University has always offered the opportunity to venture beyond established social circles and form exciting, new connections. But, for those of us who arrived on campus knowing no one – as is typically the case for students from abroad – the promise of friendships yet to be made was more than just an added benefit; it was a source of reassurance. As anyone who has ever entered a lecture hall and found themselves lost among a sea of strangers will know, a friendly face can feel like a life craft in a storm.
While most relationships are tied to particular places and moments in time, this seems especially true of the friendships we make as (or with) international students. As we slowly build these bonds over the course of our studies, we may transform from awkward fish out of water into veritable social butterflies. The catch, however, is that many of the friendships we make as internationals are accompanied by a lingering awareness that one or other person will eventually move on. Consequently, when befriending an international, it can be helpful to remember that time is of the essence.
Intrinsic anchors
Unlike the communities we have back in our home countries, the friendships we make abroad lack the kind of intrinsic anchors (such as family or culture or even reliable accommodation) which consistently pull us back after we’ve moved away. In contrast, many international friendships are transitory in nature; destined to last only as long as the university studies that brought them into being. Forged during a liminal stage in life between the constancy of the place you came from and the possibility of whatever comes next, many of these friendships are accompanied by the quiet understanding that, once you leave, you can never really return.
In this phase of life, change occurs with such frequency that it can feel as if staying immersed in the moment is the only way to keep afloat. Unfortunately, however, the migrant experience is marked by a fundamental unpredictability, which means that even the people populating our lives cannot be counted on to remain consistent. Sometimes, we have no choice but to accept that the friends we have now will continue to grow and change, and we won’t necessarily be present for their next stage or get to witness the people they become.

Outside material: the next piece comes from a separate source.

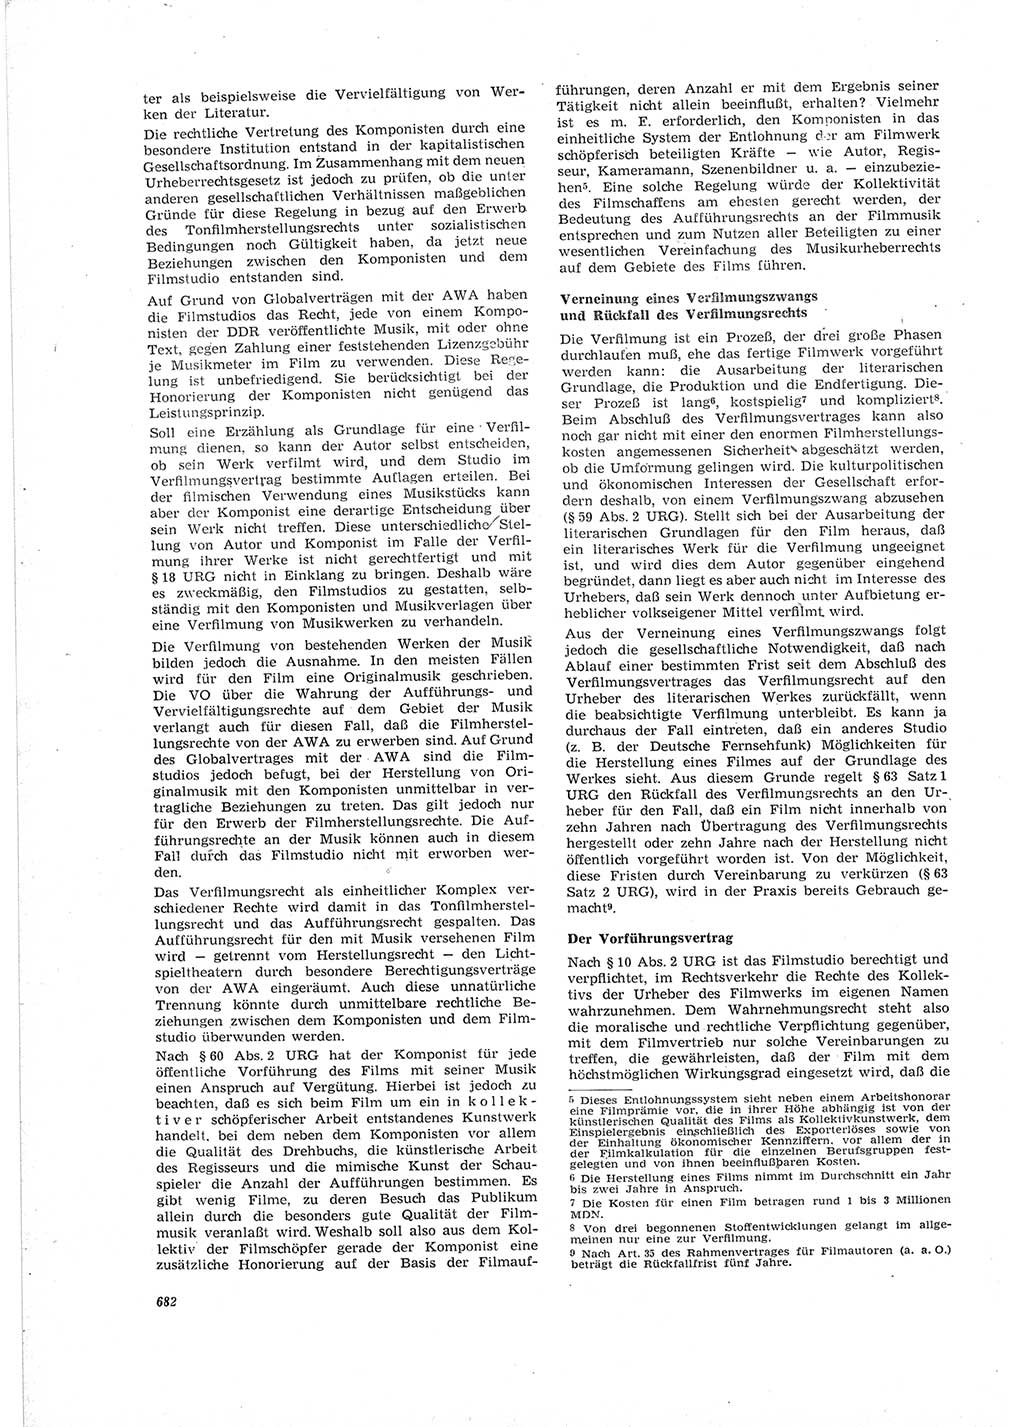 Neue Justiz (NJ), Zeitschrift für Recht und Rechtswissenschaft [Deutsche Demokratische Republik (DDR)], 19. Jahrgang 1965, Seite 682 (NJ DDR 1965, S. 682)

Of course, coming to terms with the fragmentation of any friendship is hardly easy. Personally, the friendships I’ve found toughest to say goodbye to are those that were cut short before they ever really began - the people I let drift away before I was able to strengthen my grip. Through misplaced misgivings, puzzling passivity or simple obliviousness, I kept myself from discovering how deep those connections could have gone. I realise now that the time-sensitive nature of these friendships demands that we do not hesitate. The only way to know where a budding friendship might lead is to take the opportunity to find out before it’s too late and the ship has sailed.
Impermanence
As I reflect on my own time at university, I’ve come to appreciate how the impermanence of many of the friendships I made there has taught me to better recognise and act on potential connections as I experience them. Whatever the circumstance, we’ve got to cherish the people around us – preferably before their names risk joining the list of faintly remembered Christmas card-addressees. This way, when the time does come for our friends to move on, we can take comfort in knowing that we held onto them as hard as we could while we had the chance.